= Regency Council (Iran) =

Carried out duties of Shah of Iran, 13–22 January 1979

The Regency Council (شورای سلطنت) of the Imperial State of Iran, was a nine-member body formed on 13 January 1979 by Shah Mohammad Reza Pahlavi to carry out his duties after he left Iran amidst the Iranian Revolution and served as the symbol of his continued claim on power.

The council was practically dissolved within days, when its head resigned on 22 January 1979 to meet Ayatollah Ruhollah Khomeini.

== Background ==
=== 1953 Regency Council ===
On 28 February 1953, it was reported that in a meeting with Prime Minister Mohammad Mosaddegh, the Shah had agreed that during his absence in Iran a regency council consisting of Mosaddegh, Gholamreza Pahlavi (Shah's brother) and Hossein Ala' (Minister of Royal Court) should be appointed to act as the regency council.
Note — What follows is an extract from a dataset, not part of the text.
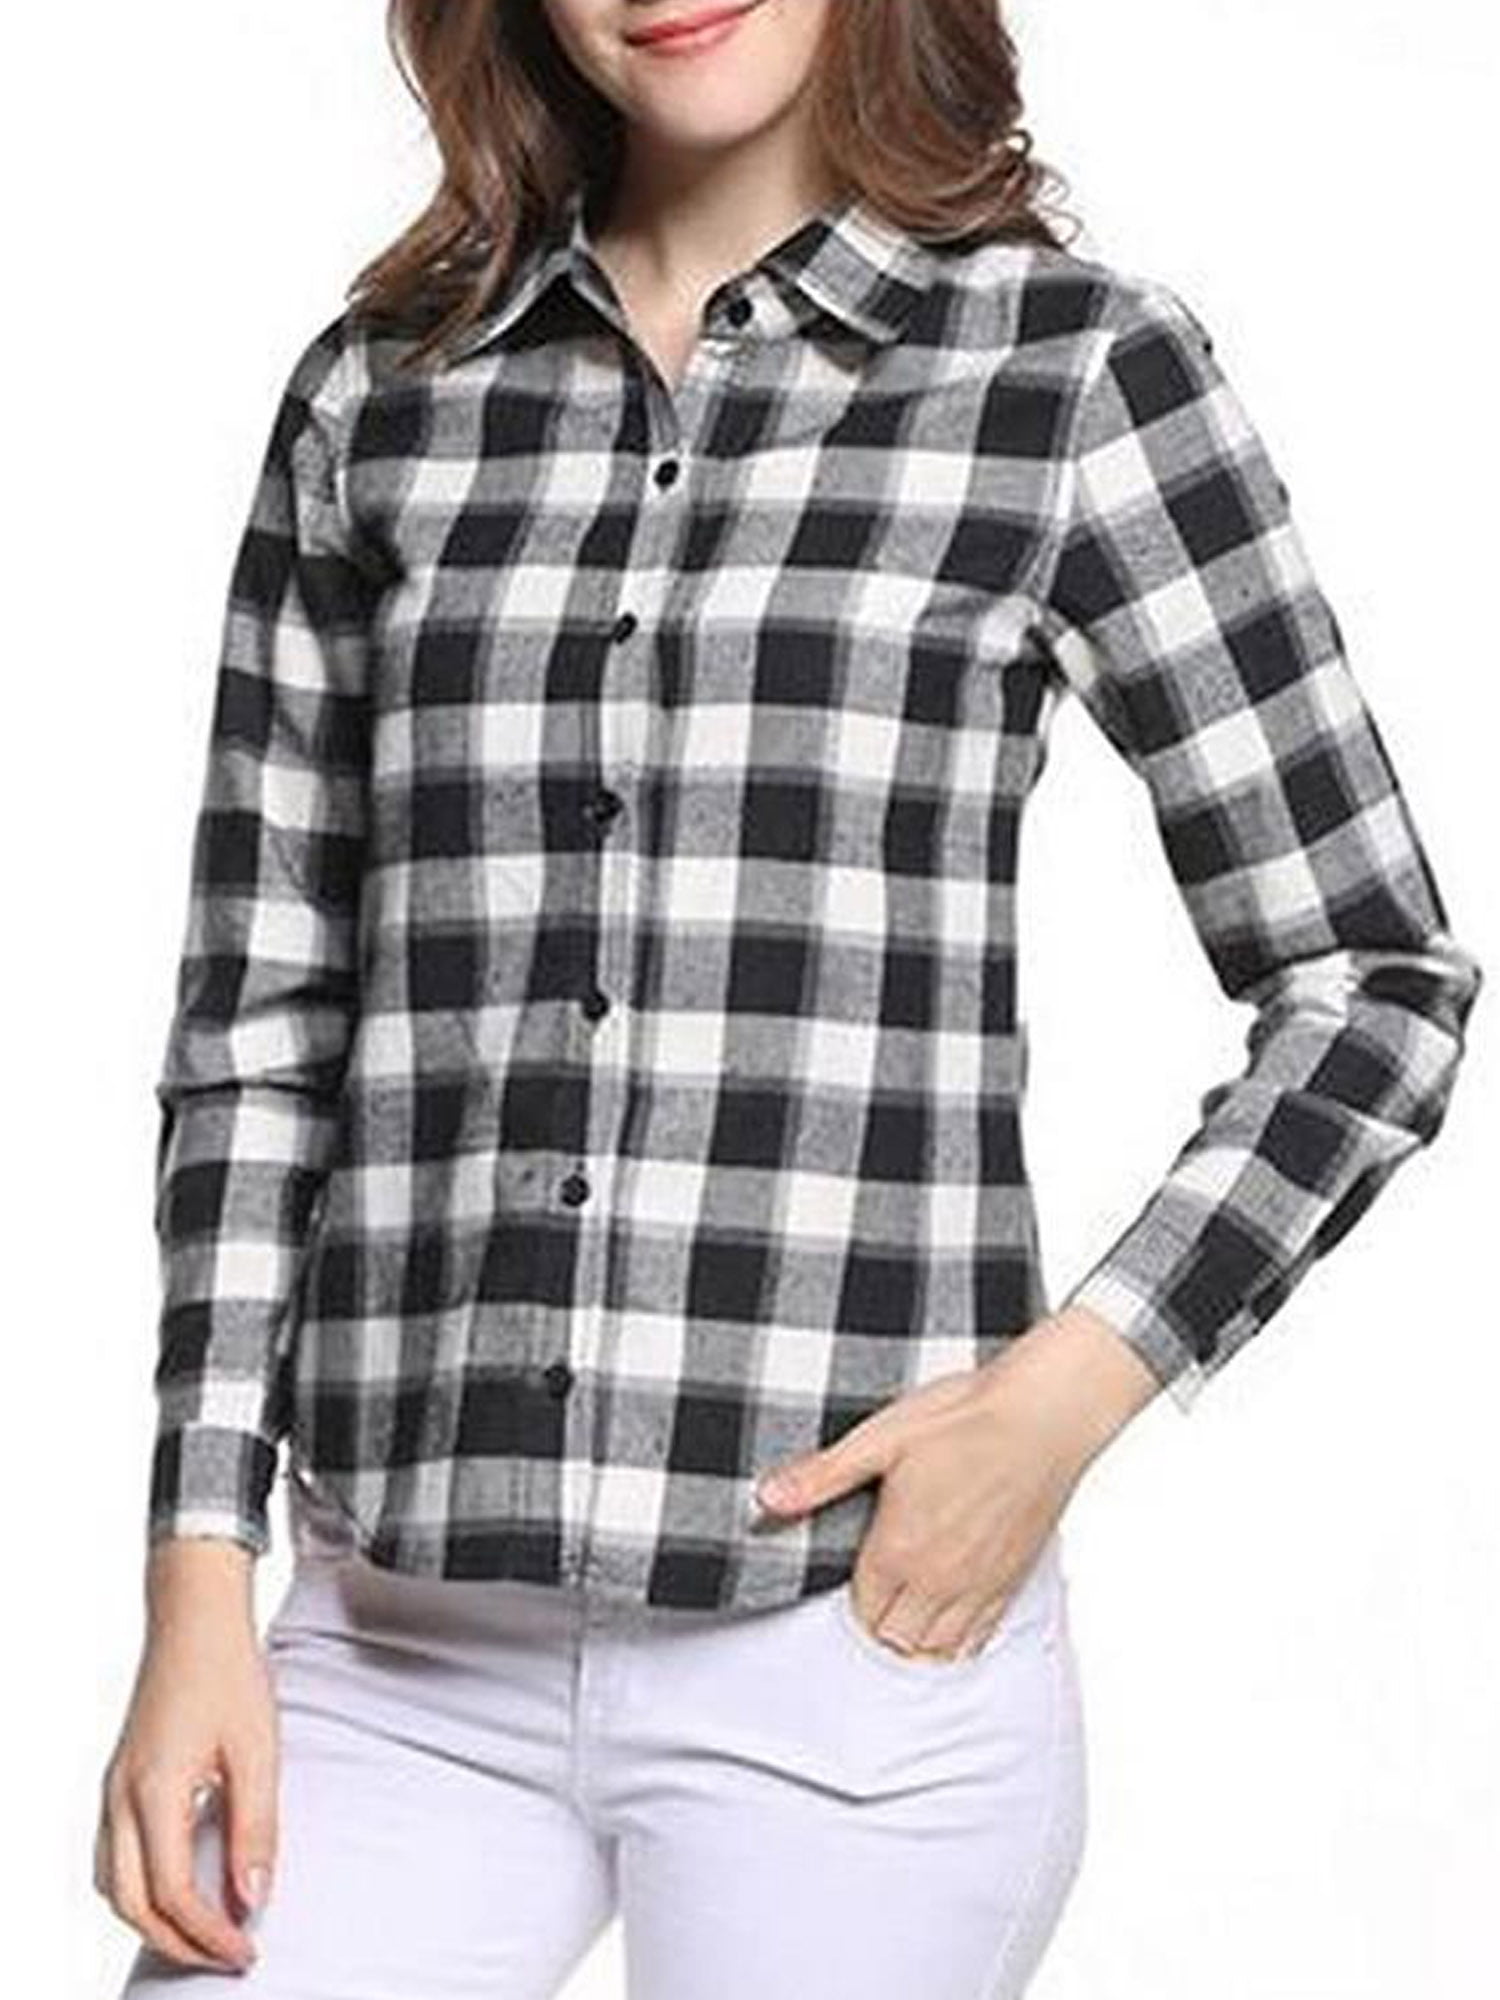 FOCUSNORM Women's Checkered Plaid Button Down Shirt Top with Roll Up ...

== 1979 Regency Council members ==

| # | Name | Latest Office | Position in the Council |
| 1 | Jalaleddin Tehrani | Former Senator | Head |
| 2 | Mohammad Ali Varasteh | Former Minister of Finance | Deputy |
| 3 | Shapour Bakhtiar | Prime Minister | Member |
| 4 | Mohammad Sajjadi | President of the Senate |
| 5 | Javad Saeid | Speaker of the Parliament |
| 6 | Gen. Abbas Gharabaghi | Chief of the Joint Staff of the Imperial Iranian Army |
| 7 | Aligholi Ardalan | Minister of the Royal Court |
| 8 | Abdollah Entezam | Former Chairman of National Iranian Oil Company |
| 9 | Abdolhossein Ali Abadi | Former Prosecutor-General |

Tehrani resigned from the post due to tensions between him and Abbas Gharabaghi. He was replaced by Mohammad Ali Varasteh as the head of the council.